“Memory Matters” for ALL Ages LINK TO PROGRAM
How often do you use the word senior moment or brain freeze? In the last few years the complaints about forgetfulness seem to be spreading to those in their 30’s, 40’s and 50’s. The examples are similar and occasionally someone will share a solution. Others say that their memory is not what it used to be but too often the examples continue when strategies could be helpful.
What is happening and why? Certainly there are changes in memory with normal aging but similar complaints are often noted with younger people, usually when they are stressed, tired or on overload.
Something to think about:
1. With normal aging older adults report increased word finding difficulties. The word is on the tip of their tongue and it does not come to mind until later.
2. Another change with aging is that a person is slower to process information and learn new information. Quick complicated information given once can be a challenge. Changing the method of presentation and repetitive practice can be helpful when something is introduced that is unfamiliar. It does not mean that you cannot learn but that it may take a bit longer and tips like having written details that are not complex can make a lot of difference.
3. Also older adults do not like to multitask. There is a preference to do one thing at a time which can be a challenge for older adults when they are interacting with the multitasking younger generations.
As a speech-language pathologist, I frequently work with older adults who do not have significant memory issues. These are often caregivers and explaining to them the changes with normal aging and what happens under stress and overload plus less than ideal daily habits is helpful since many fear they have dementia.
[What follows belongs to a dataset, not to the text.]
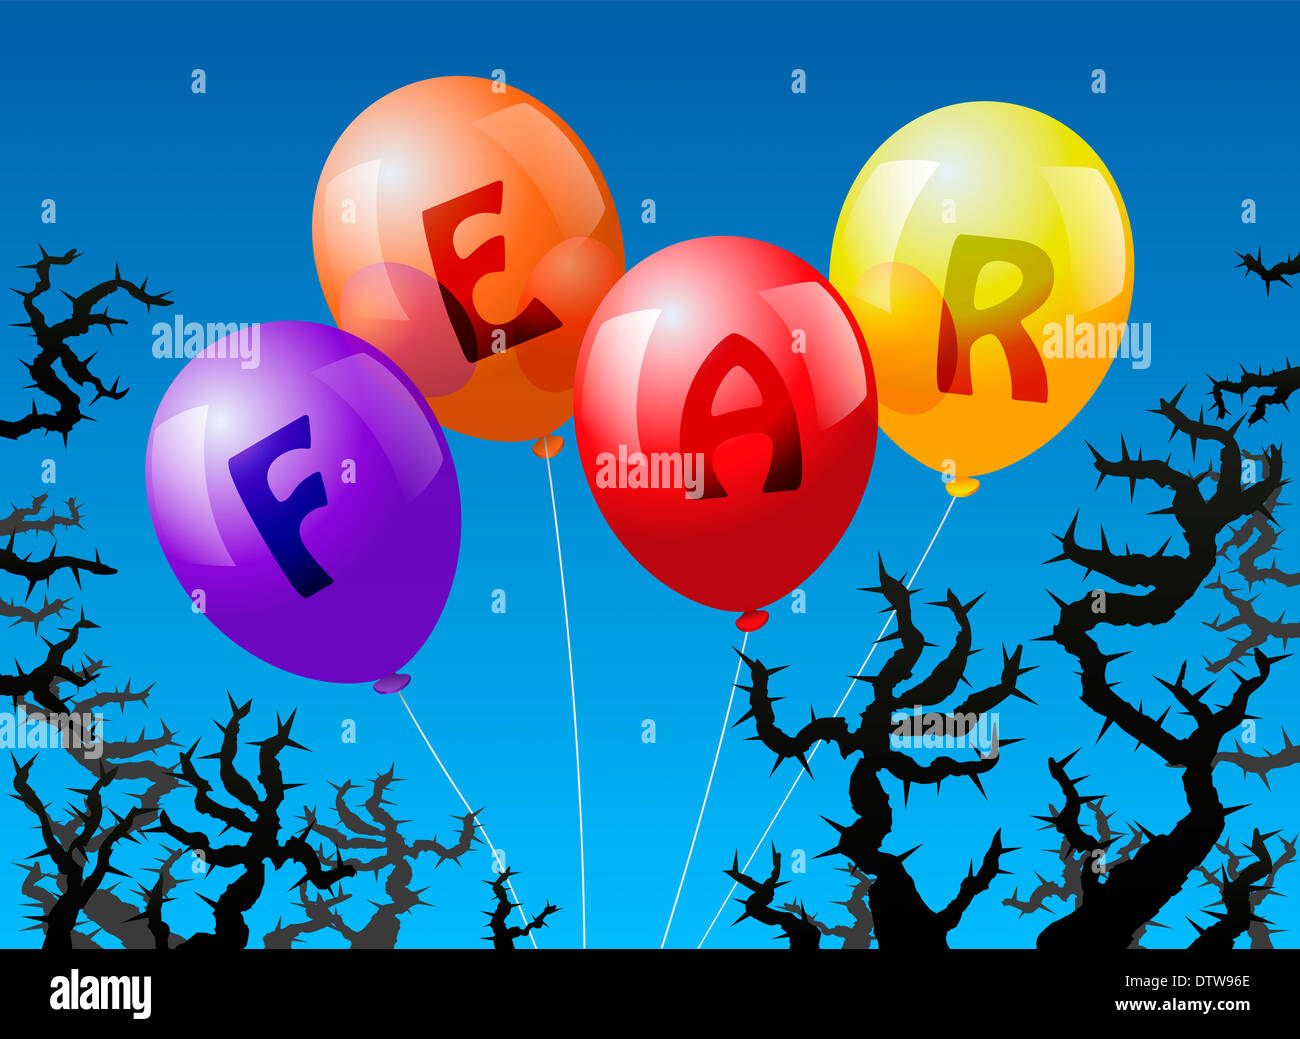 Vier Ballons, die mit dem Wort Angst gekennzeichnet sind, droht der Dornen. Stockfoto

Often they can benefit from strategies to handle the multitude of tasks they are doing, frequently with many interruptions.
Tips to consider:
1. Stop using negative comments about your memory. It is important to be aware but why not take it to the next level and try and understand the reason you forgot and what you can do about it. There are strategies and if you are unable to find something that works for you, perhaps you need to seek out a professional such as a speech-language pathologist who can assess your capabilities and make recommendations of strategies appropriate to your circumstances and capabilities.
2. Get a complete physical. There are over 100 reversible causes of memory loss and in some cases addressing the underlying problems can result in improved memory.
3. Look at your habits. If you are not sleeping well, eating a well-balanced diet including a healthy breakfast, and getting regular exercise, your memory might not be at its best. Good lifestyle choices support your ability to focus and pay attention, which are keys to your memory fitness.
This week think about this quote from Nathanial Branden and become more aware of the words you use after a moment of forgetfulness. Ponder on the possible cause. Were you distracted, stressed, tired, on overload or just not listening or paying attention? Do you want to keep repeating negative comments or is it time to look for a strategy? “The first step toward change is awareness.”